And that actually, that poster and abstract was the best poster abstract of that session. And so we've asked Dr. Bochner actually to go over some of his presentation and we'll be able to then actually pick his brain a little bit about kind of the next steps in the future. So Bernie, thanks so much for spending some time with us and look forward to hearing your presentation.

Bernard Bochner: So Sam, thank you first of all, always an honor and a pleasure to spend some time with you and grateful for the opportunity to discuss some of this exciting information. So this is really very exciting for us to have the opportunity to present this early data on a phase one moving into phase two study looking at a novel antibody. I say novel, it's novel to bladder cancer but it's been around for quite a while, but it's focusing on its activity against the CD40 receptor. And you can see a list of wonderful collaborators both within the Memorial Sloan Kettering and the Rockefeller Institute as well, primarily led by Jeffrey Ravetch and his laboratory, who is a real card-carrying immunologist and has developed and focused on this CD40 antibody. The CD40 receptor has been recognized to be a very important receptor in the activation of antigen-presenting cells, specifically dendritic cells, although macrophages and B cells also contain the CD40 receptor.

Once it's activated, it leads to a whole series of events that sort of cascade into an activation of the immune system, both maturation of B cells but for this discussion it really focuses on the recruitment and activation of CD8+ T cells, so killer cells as well. The antibody got a lot of attention early on by big pharma, and the antibody had gone into a variety of phases of testing, and it all failed to basically show any clinical activity but produced a lot of toxicity when given systemically. And so Dr. Ravetch spent a couple of decades working on figuring out mechanistically why this antibody wasn't working in humans, and found that the CD40 receptor, like many of the TNF receptor members, requires trimerization to be activated and the antibody was not allowing for this trimerization to occur.

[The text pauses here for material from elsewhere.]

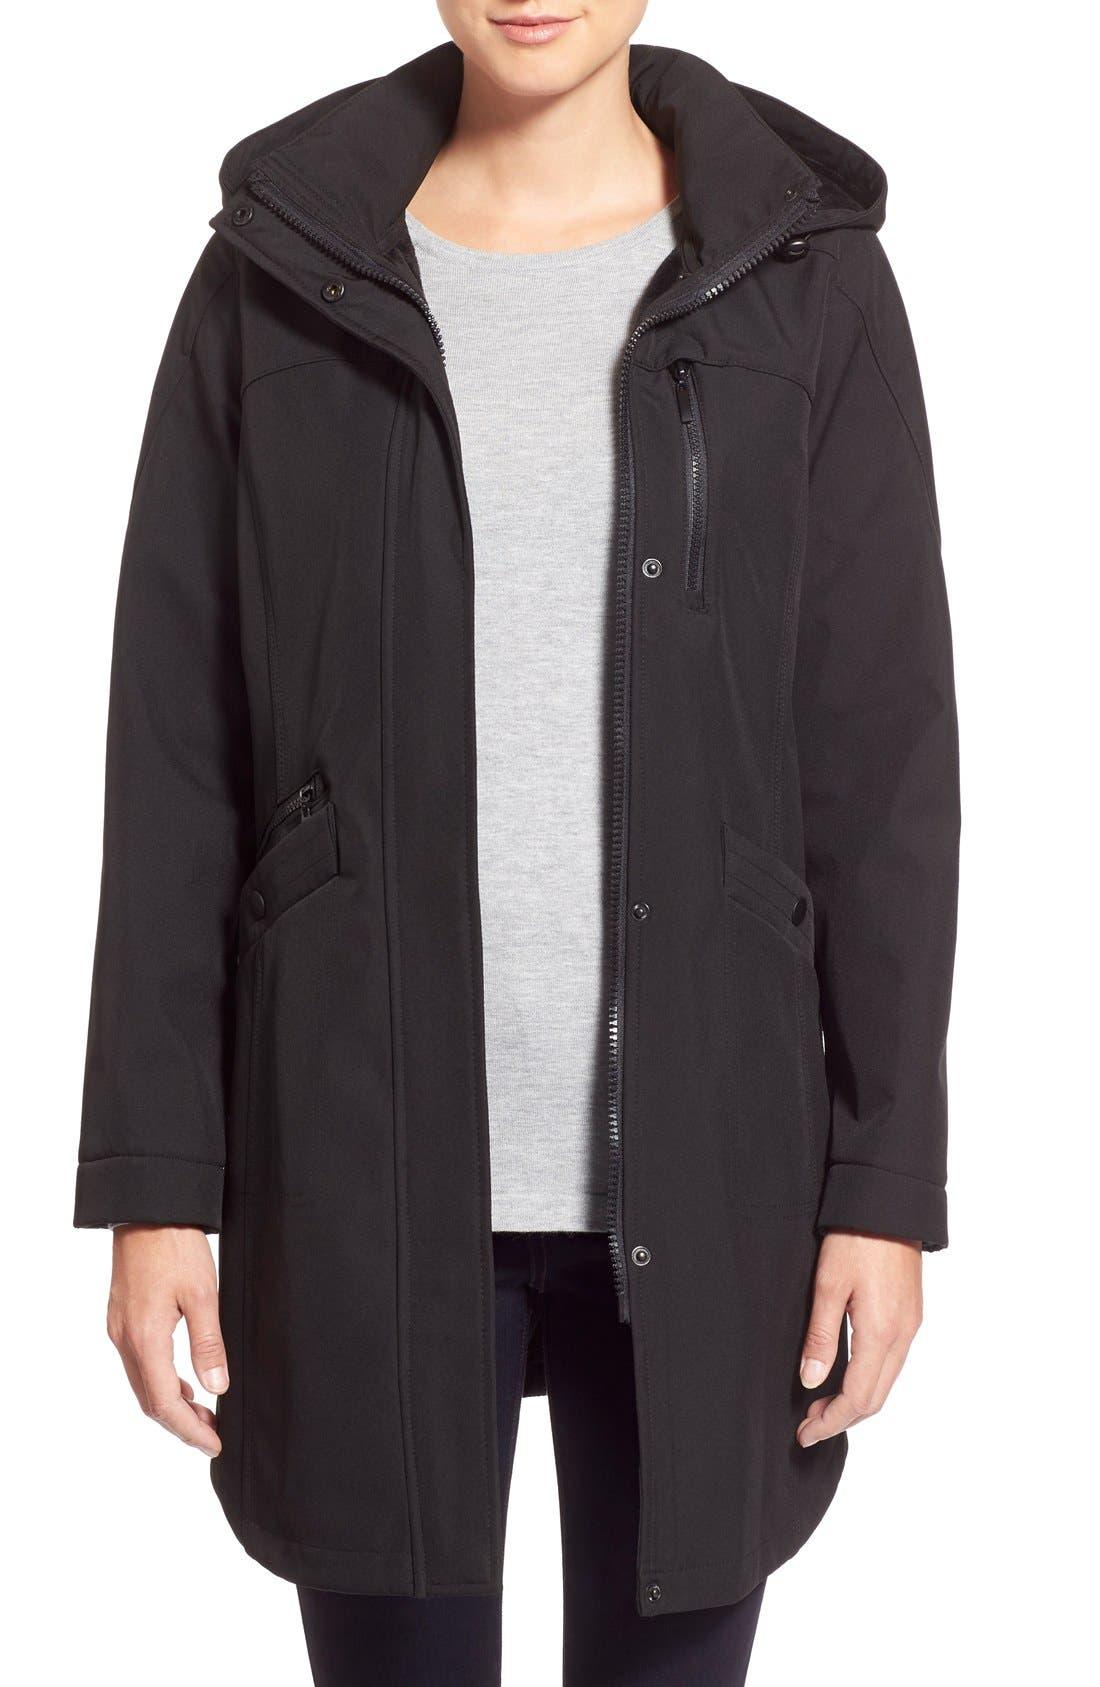 Alternate Image 1 Selected - Kristen Blake Crossdye Hooded Soft Shell Jacket(Regular &Petite)

So Jeff and his group worked on changing the scaffolding of this antibody, specifically the FC portion of the receptor, to interact with this R2B receptor. And by doing this, it essentially formed a scaffolding that allowed now for the antibody to properly, or I should say the receptor, to properly trimerize. And once it was activated in this trimeric configuration, then you saw all this cascading effect of dendritic cell maturation, the formation of co-stimulatory molecules so that it could more effectively antigen present to CD8+ T cells. And this then led to T-cell activation and tumor elimination. Because it was toxic when given systemically, Jeff had developed a peritumoral injection program for patients, for instance with cutaneous metastases from breast cancer and other tumor types, and found a remarkable response locally in the lesions that were injected, but then contralaterally on the other arm or within the liver for instance, he was also seeing antitumor activity suggesting that true antitumor specific activity was being locally developed but then trafficking of these immune cells to these other locations to affect their cancer response.

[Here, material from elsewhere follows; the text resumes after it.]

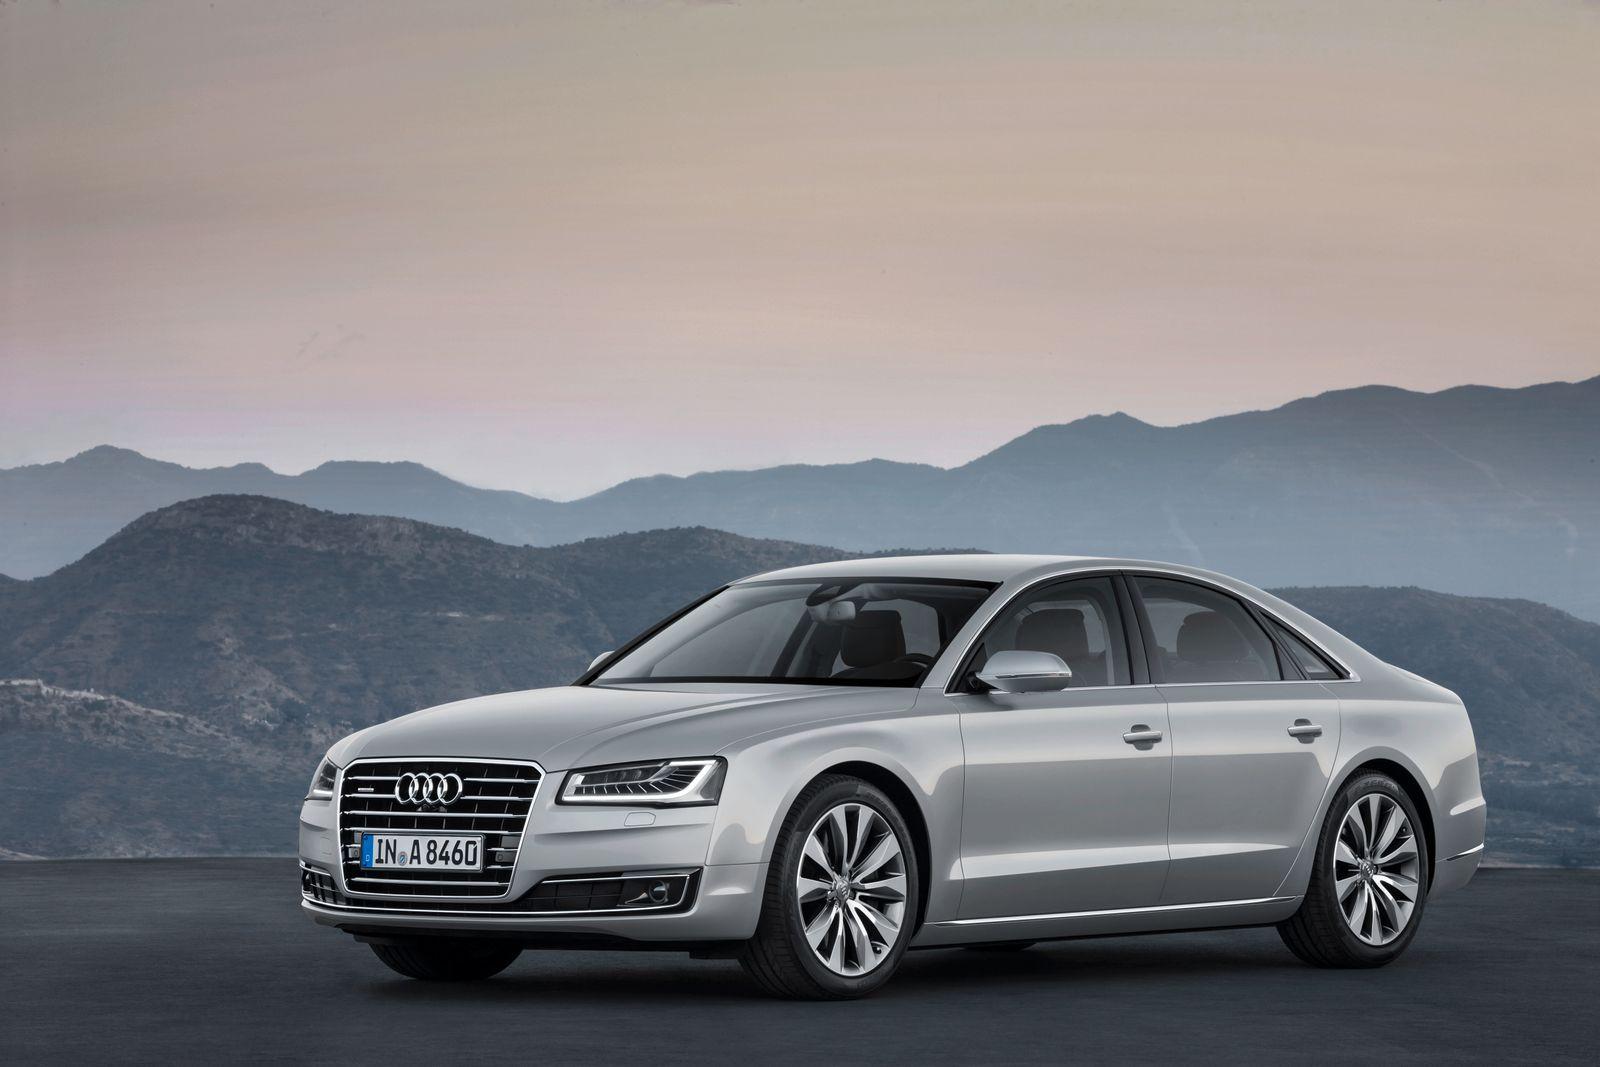 Audi A8 / IAA 2013

So after Jeff and I had met and I got a chance to understand his work, we began to start an intravesical program, the first in human intravesical use for this particular antibody. And so that was the phase one study that was developed using this specific antibody. And you can see the design here. It was designed so that based on animal data showing remarkable activity in BCG unresponsive cancers within a mouse model, that a three-weekly instillation of this antibody could generate the antitumor effect that we were looking at. And this was with basically about a one-hour instillation of the antibody within these tumor-bearing mice. So the protocol was developed as you see. As we followed these patients, at the 12-week mark if there was no progression of their disease and this was all basically meeting the standard criteria for BCG unresponsive disease, then they were re-treated at the end of the second treatment.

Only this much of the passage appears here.